▸ **Work instruction**
Please keep the images out and set down the data exactly as given.

▸ **Given material**
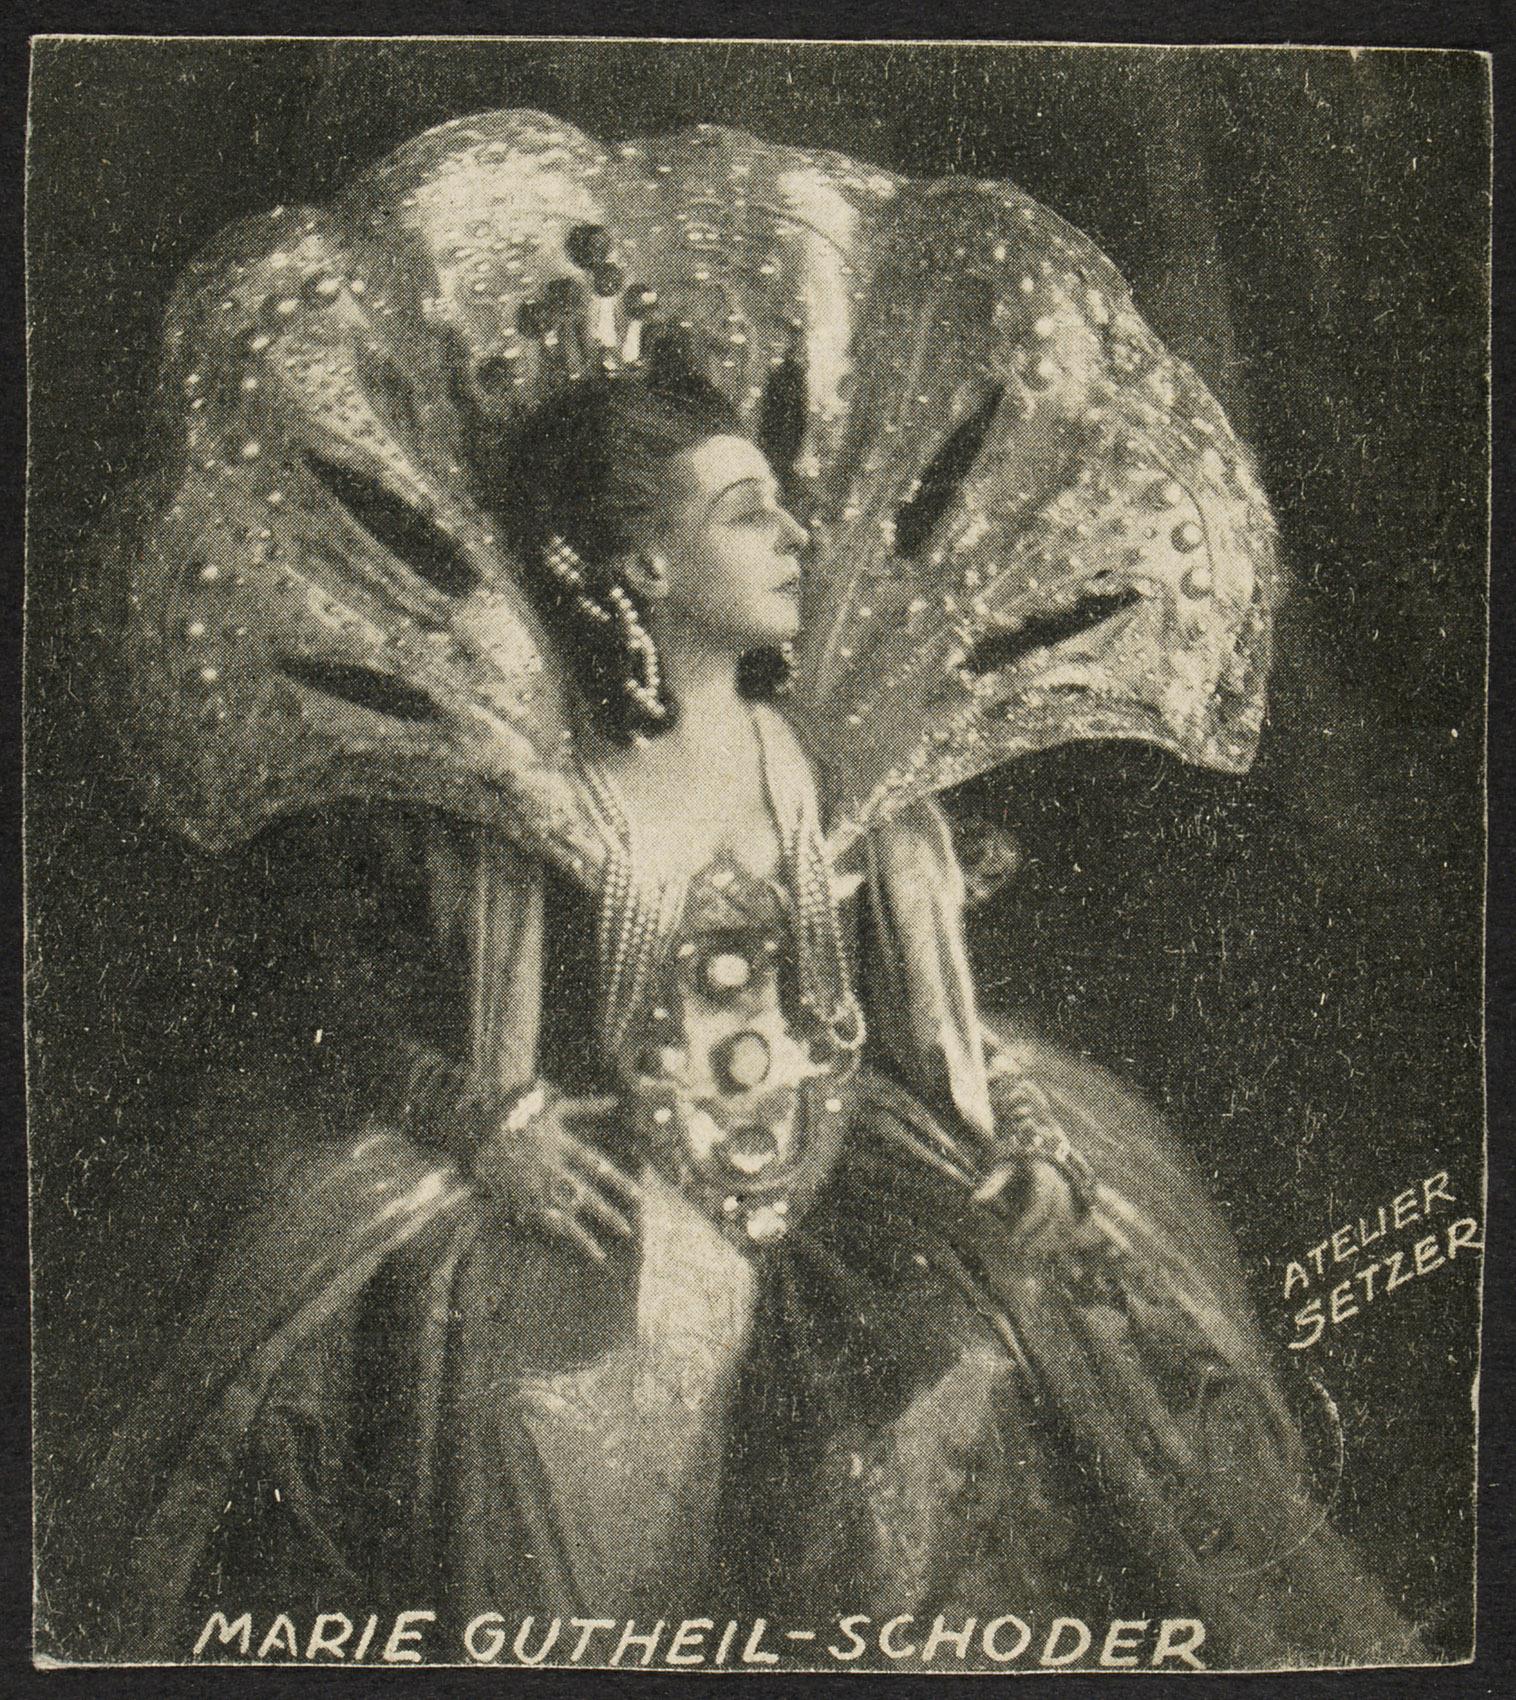 Marie Gutheil-Schoder von Atelier Setzer, Wien
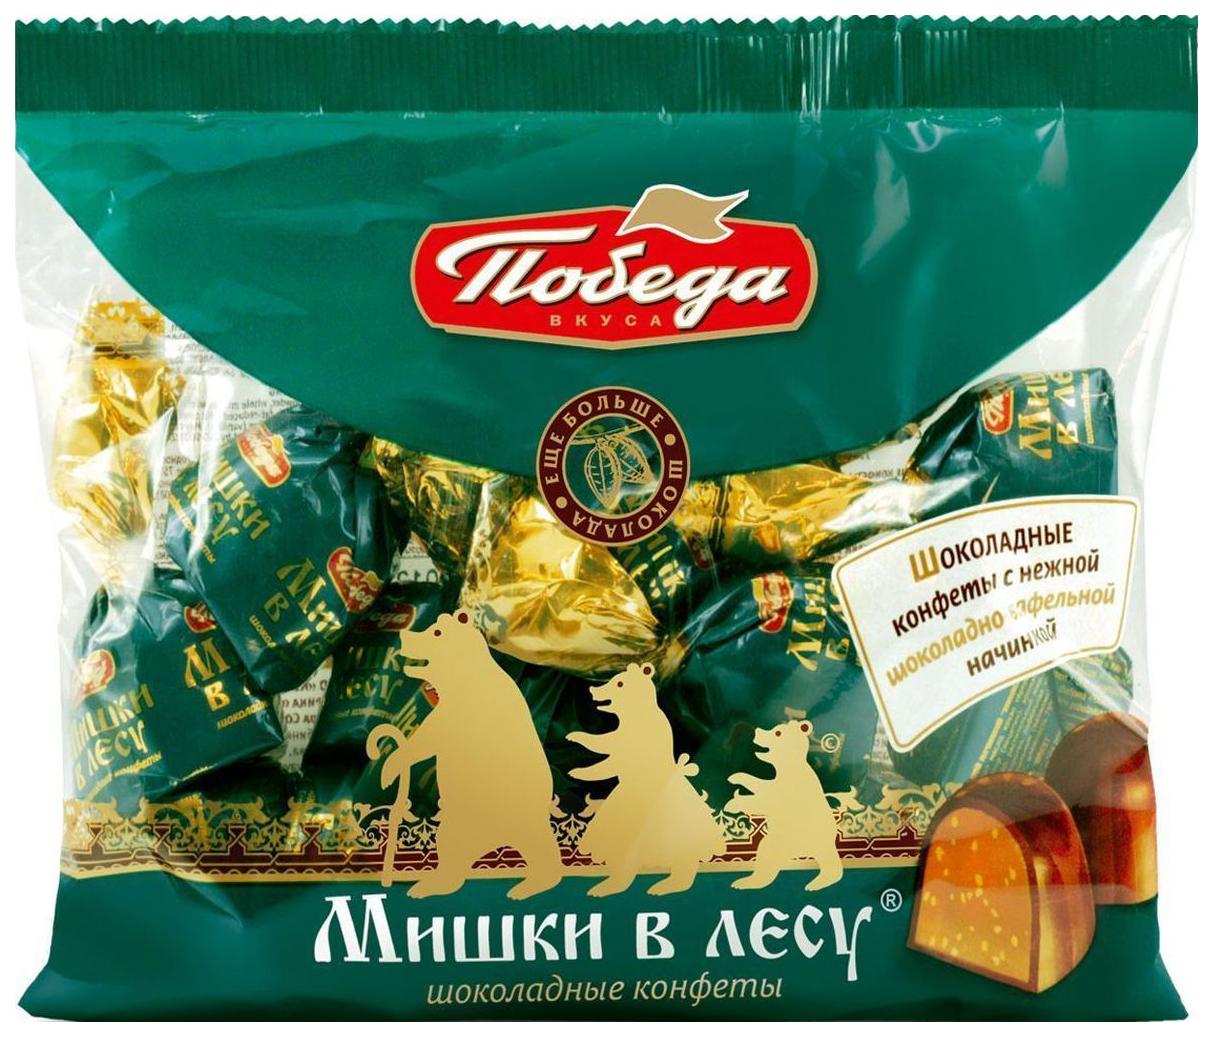 Конфеты шоколадные Победа вкуса мишки в лесу с шоколадно-вафельной начинкой 200 г фото
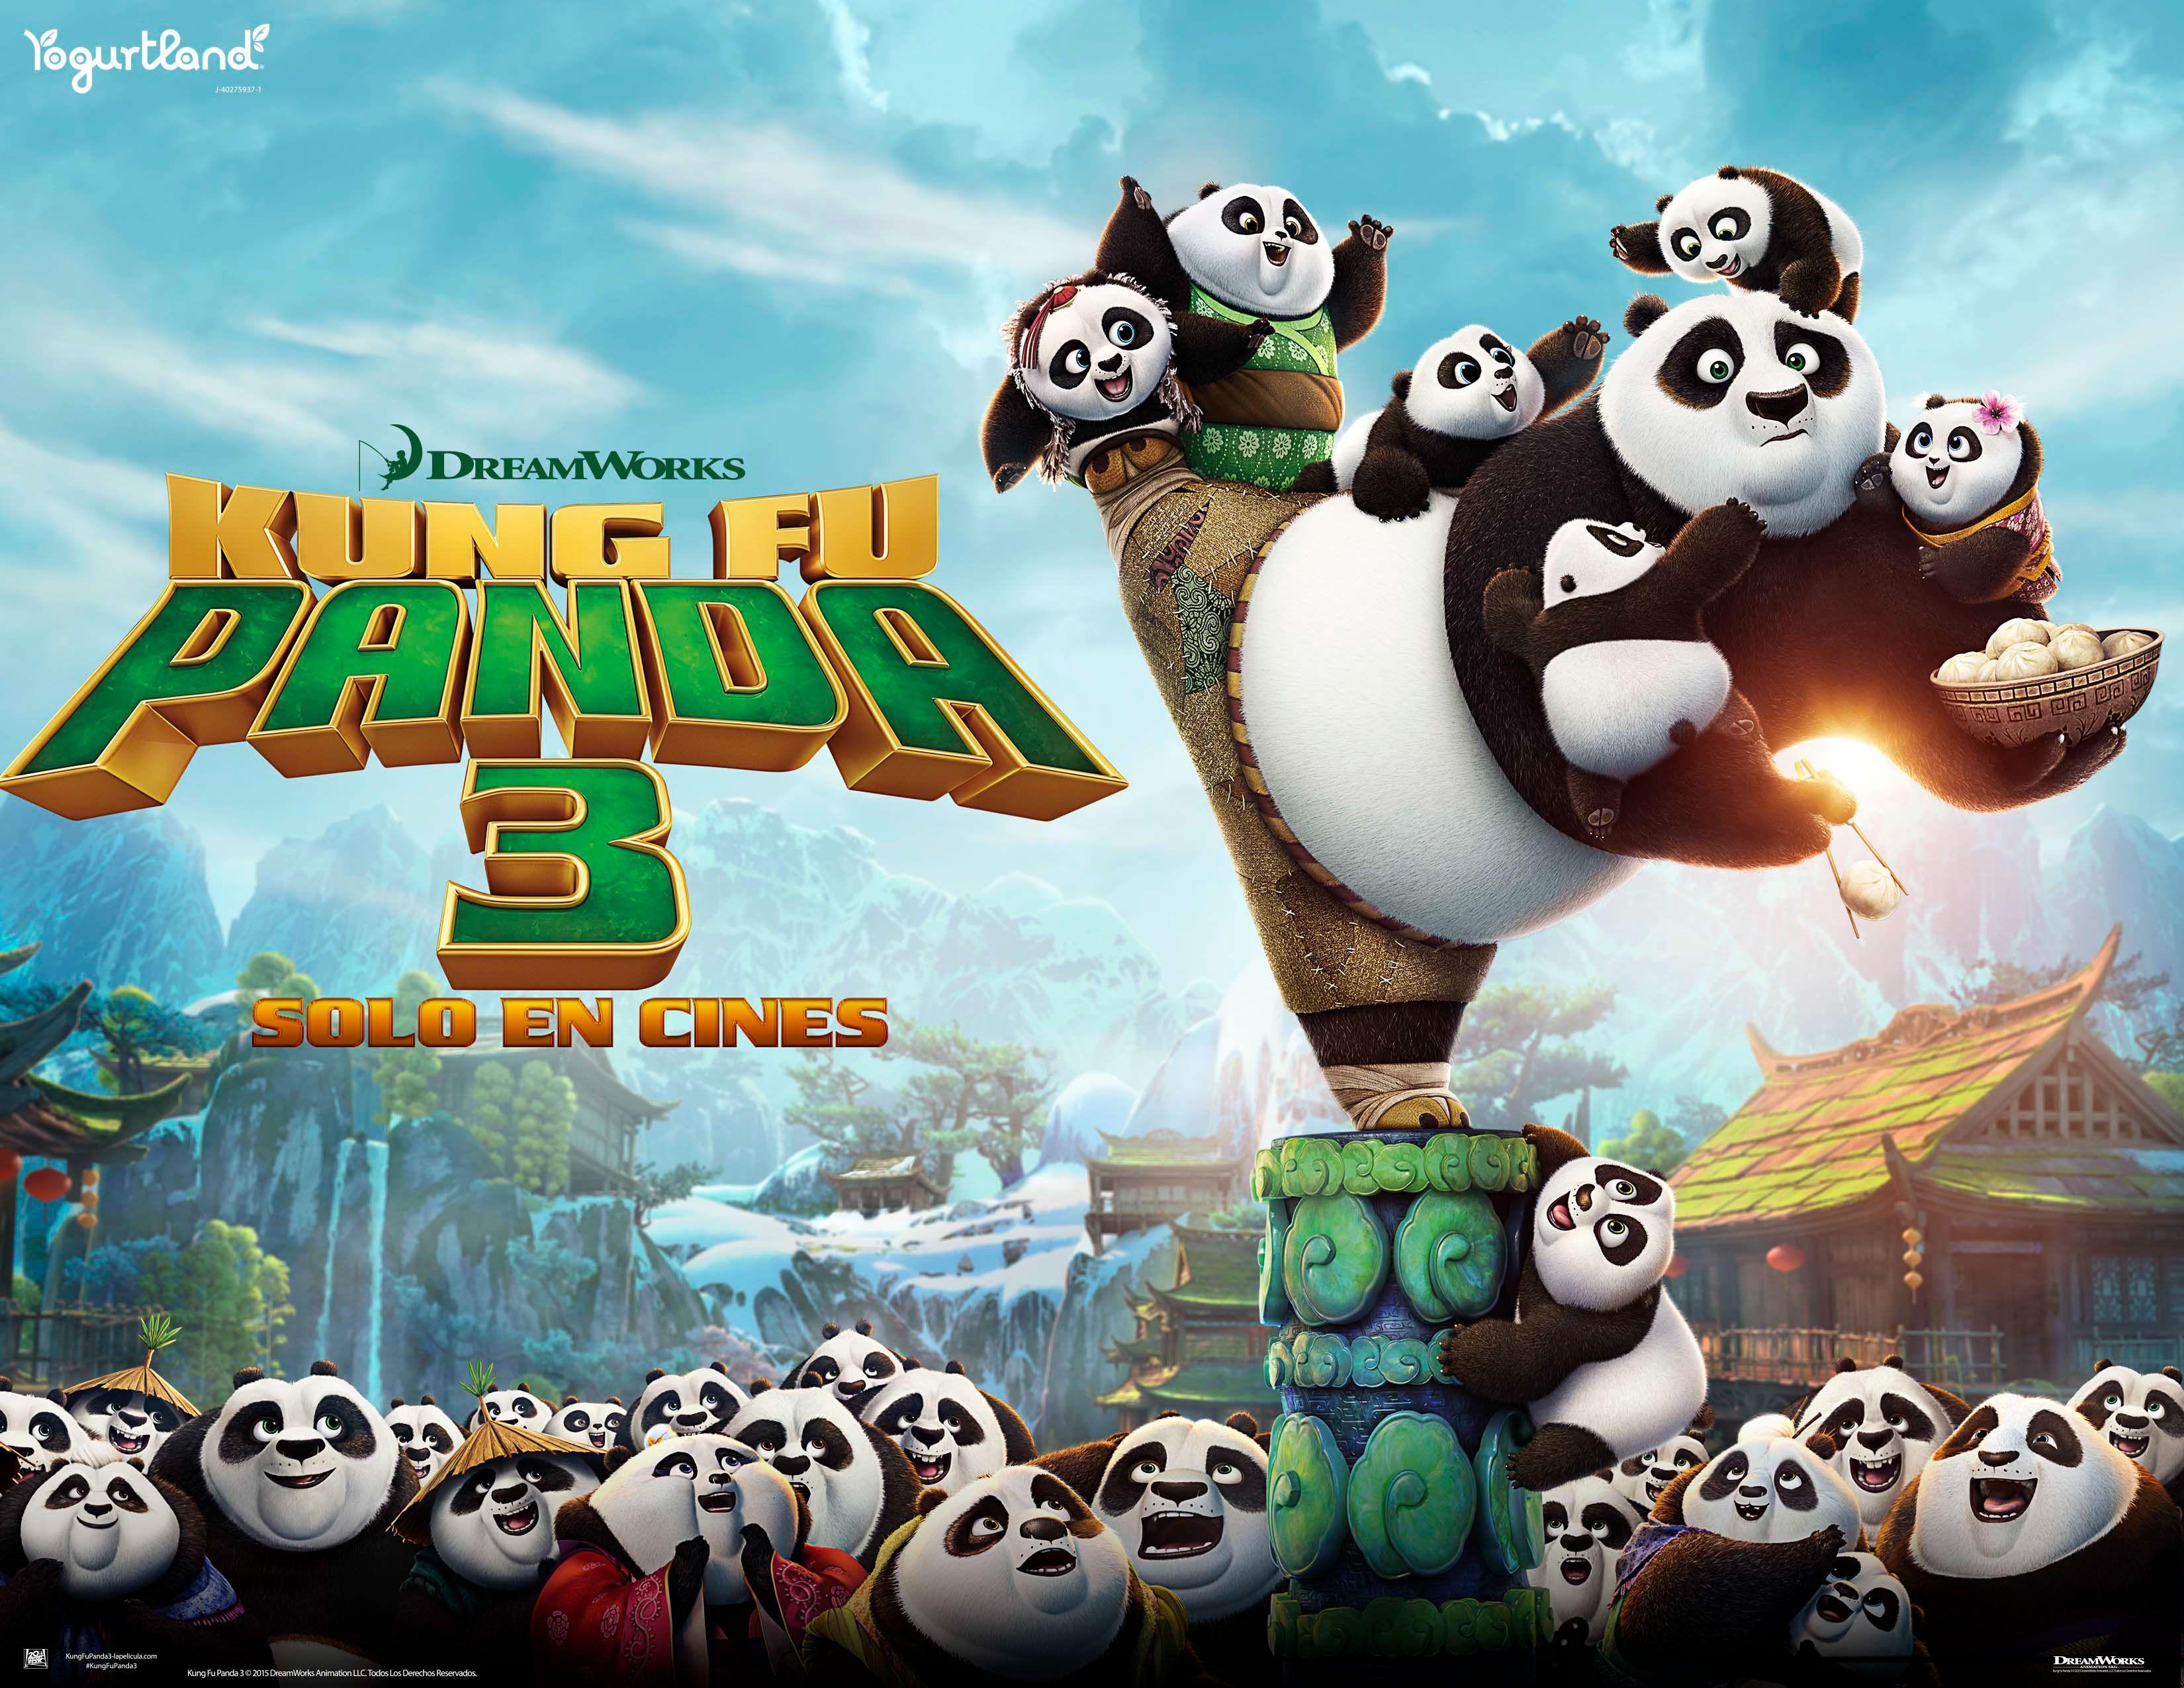 Echa un vistazo a mi proyecto @Behance: \u201cAdaptacion de Artes para Kung Fu Panda 3\u201d https://www.behance.net/gallery/43642801/Adaptacion-de-Artes-para-Kung-Fu-Panda-3

▸ **Written solution**
 Marie Gutheil-Schoder von Atelier Setzer, Wien
 Конфеты шоколадные Победа вкуса мишки в лесу с шоколадно-вафельной начинкой 200 г фото
 Echa un vistazo a mi proyecto @Behance: \u201cAdaptacion de Artes para Kung Fu Panda 3\u201d https://www.behance.net/gallery/43642801/Adaptacion-de-Artes-para-Kung-Fu-Panda-3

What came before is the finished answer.